Vinicius Werneck, da Agência iNFRA
O ministro dos Transportes, George Santoro, afirmou nesta terça (9) que o grupo Mota-Engil aguarda autorização da ANTT (Agência Nacional de Transportes Terrestres) para adquirir a concessão da Fiol 1 (Ferrovia de Integração Oeste-Leste), que está sob concessão da Bamin, inadimplente com as obras. A construtora portuguesa interessada no trecho tem como acionista a chinesa CCCC (China Communications Construction Company).
Santoro disse que os trâmites na reguladora estão “bem avançados” e que acredita que o termo aditivo com a nova empresa deve ser assinado até agosto e as obras retomadas ainda em 2026, com prazo para entrega do trecho até 2033. Serão investidos, de acordo com o ministro, cerca de R$ 7 bilhões, que prevêem também o desenvolvimento do Porto Sul, em Ilhéus (BA).
Em janeiro, o Ministério dos Transportes concluiu o projeto final de concessão da Fico-Fiol, chamado de corredor ferroviário Leste-Oeste, para enviar a modelagem à ANTT. Depois da análise do regulador, o processo vai para o TCU (Tribunal de Contas da União). O desenho segue a estrutura levada à consulta pública no ano passado, sem o trecho da Fiol 1.
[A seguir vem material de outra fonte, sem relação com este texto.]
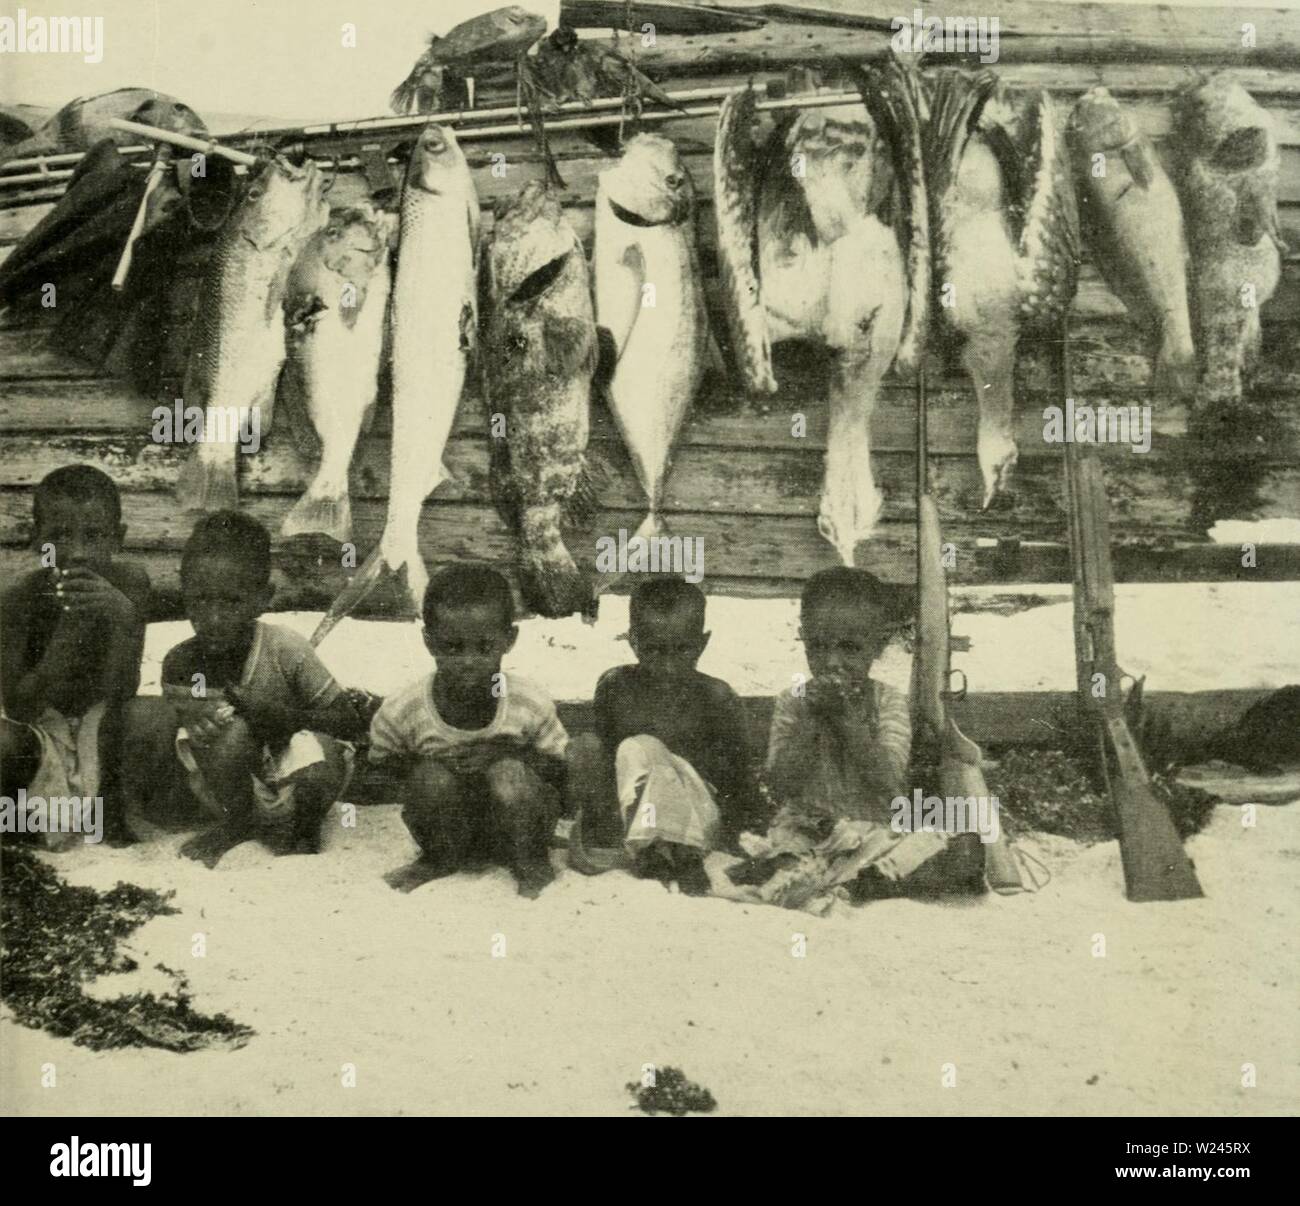 Archive image from page 208 of Dahlak with the Italian National. Dahlak: with the Italian National Underwater Expedition in the Red Sea  dahlakwithitalia00rogh Year: 1957  26. A day's catch at Dissei. The third fish from the left is a 'cefalone this is followed by a grouper, a tunny fish, two Arabian bustard, a fish belonging to the family of Phectorhynchidae (the second fish in the row belongs to the same family), and a grouper; the first fish in the row is a bream. Above the 'cefalone's' muzzle is a box fish. 27. A rare, brightly coloured, coral fish. Stock Photo

“Neste ano, um dos oito leilões [ferroviários] é o corredor da Fiol 2 até a Fico 2 (Ferrovia de Integração Centro-Oeste). Conseguimos destravar mais de 200 km na Fiol 2, que estavam com bloqueios de licenciamento ambiental, e vamos colocar ao mercado”, complementou Santoro. De acordo com ele, a previsão para conclusão das obras em todo o corredor seria entre 2037 e 2038.
Porém, a viabilidade financeira do traçado completo e incertezas que rondam a construção de alguns trechos são pontos de atenção para o setor privado. O corredor é uma costura de malhas que estão em diferentes estágios, além de depender da resolução da Fiol 1 e do porto em Ilhéus, empreendimento privado considerado complexo, que, se não sair do papel, compromete a atratividade da futura malha ferroviária.
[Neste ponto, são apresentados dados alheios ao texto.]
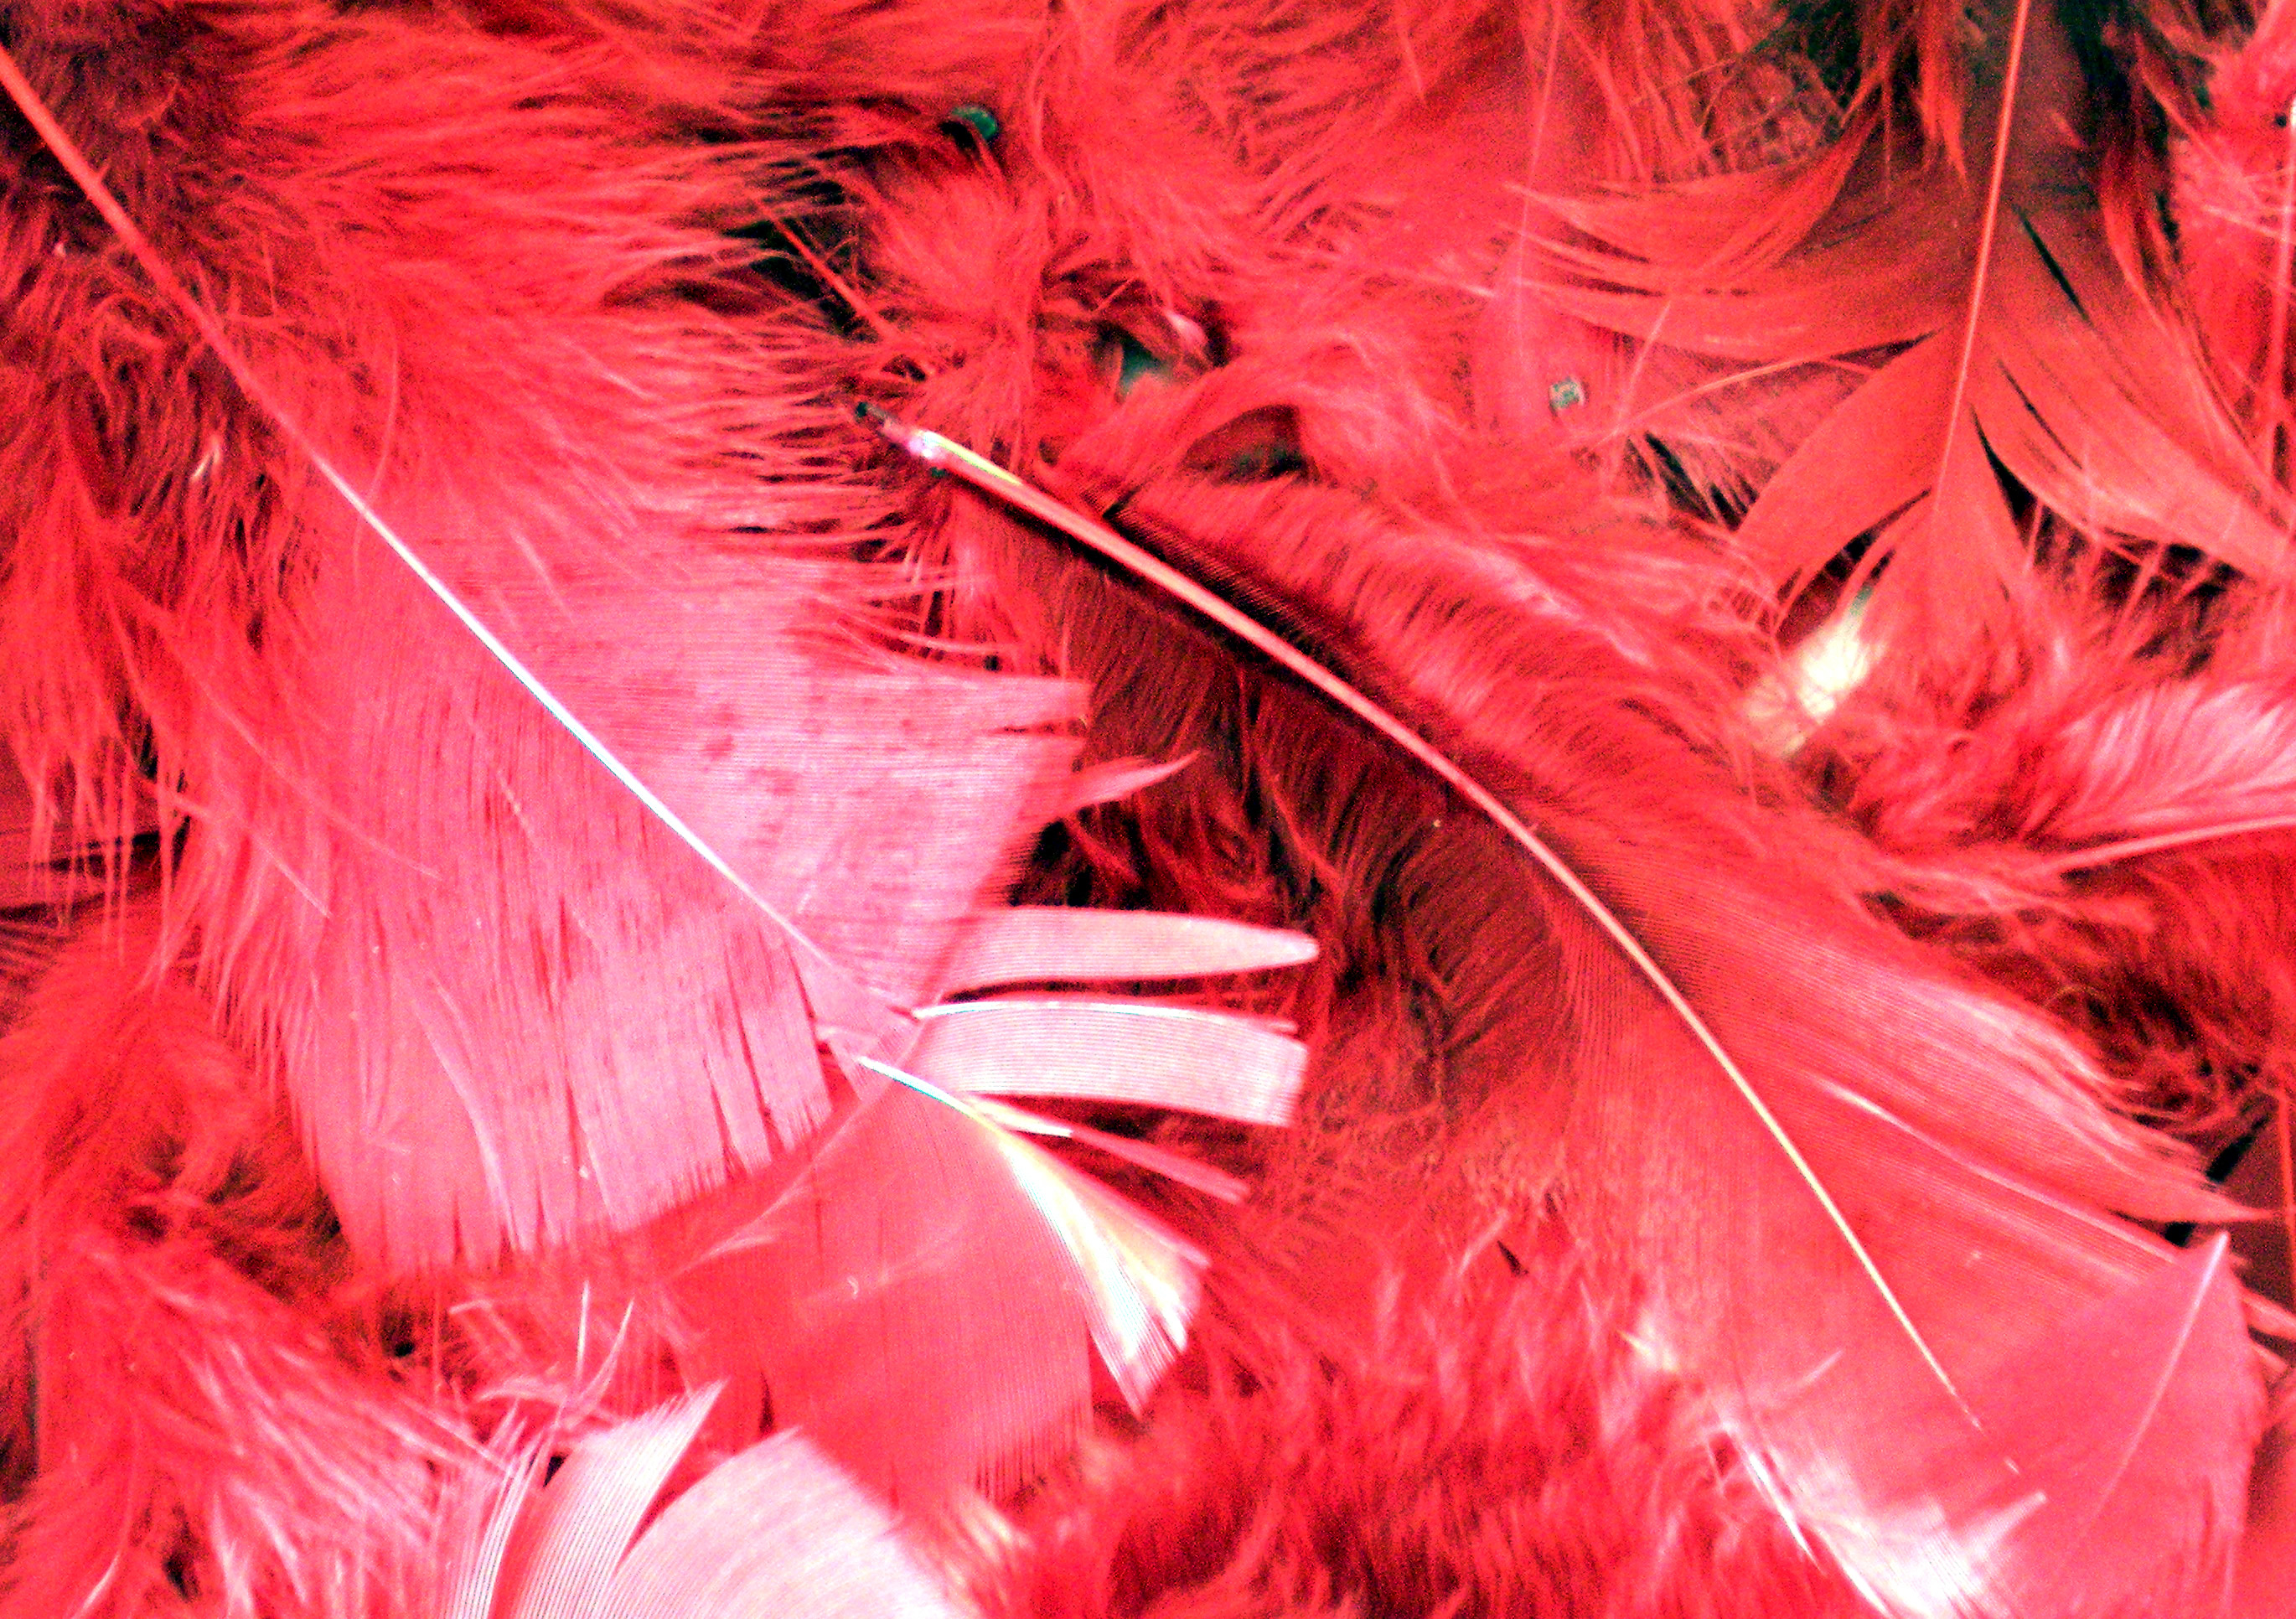  , , texture feather, download background, photo, image, pink flamingo feathre background texture

Trechos do Corredor Leste-Oeste
A modelagem do corredor Fico-Fiol prevê quatro segmentos. A Fiol 2, de Caetité a Barreiras (BA), tem quase 500 quilômetros e está em construção pelo governo federal. Pelo cenário-base que foi à consulta, após o poder concedente concluir o trecho, ativaria o gatilho de operação e implementação da Fiol 3, que vai até Mara Rosa (GO) – neste caso, são quase 900 quilômetros.
De Mara Rosa, sai a Fico 1 (Ferrovia de Integração Centro-Oeste), percorrendo 364 quilômetros para chegar em Água Boa (MT). O corredor segue até Lucas do Rio Verde (MT), compreendendo o trecho da Fico 2. Esta perna final, contudo, deve seguir no projeto como um investimento não obrigatório da futura concessão, ficando pendente de um acordo entre o governo e a operadora.
O ministério chegou a avaliar a inclusão do trecho baiano entre Ilhéus e Caetité dentro da futura concessão, mas, com a possível venda da operação pela atual empresa, o plano foi deixado de lado.
Totalmente operacional, a ferrovia viabiliza a chegada de cargas a pelo menos cinco portos existentes, Itaqui (MA), Aratu (BA), Vitória (ES), Rio de Janeiro (RJ) e Santos (SP) – seja pela conexão com a FCA (Ferrovia Centro-Atlântica) ou com a FNS (Ferrovia Norte-Sul) –, além do porto projetado para Ilhéus.
Nova linha de crédito
Durante participação no programa “Bom Dia, Ministro” desta terça (9), o ministro adiantou que o governo, por meio do BNDES (Banco Nacional de Desenvolvimento Econômico e Sustentável), vai anunciar uma nova linha de financiamento específica para o setor ferroviário na quinta-feira (11), durante o evento “Novos caminhos sobre trilhos: O Futuro das Ferrovias no Brasil”, na Arena B3, em São Paulo.
“Estamos tratando de uma linha de financiamento muito especial, com amplo prazo para pagar, que deve atrair novos investidores europeus, chineses, para entrar em projetos no Brasil”, destacou.
*Reportagem atualizada na terça-feira (9) com informações adicionais.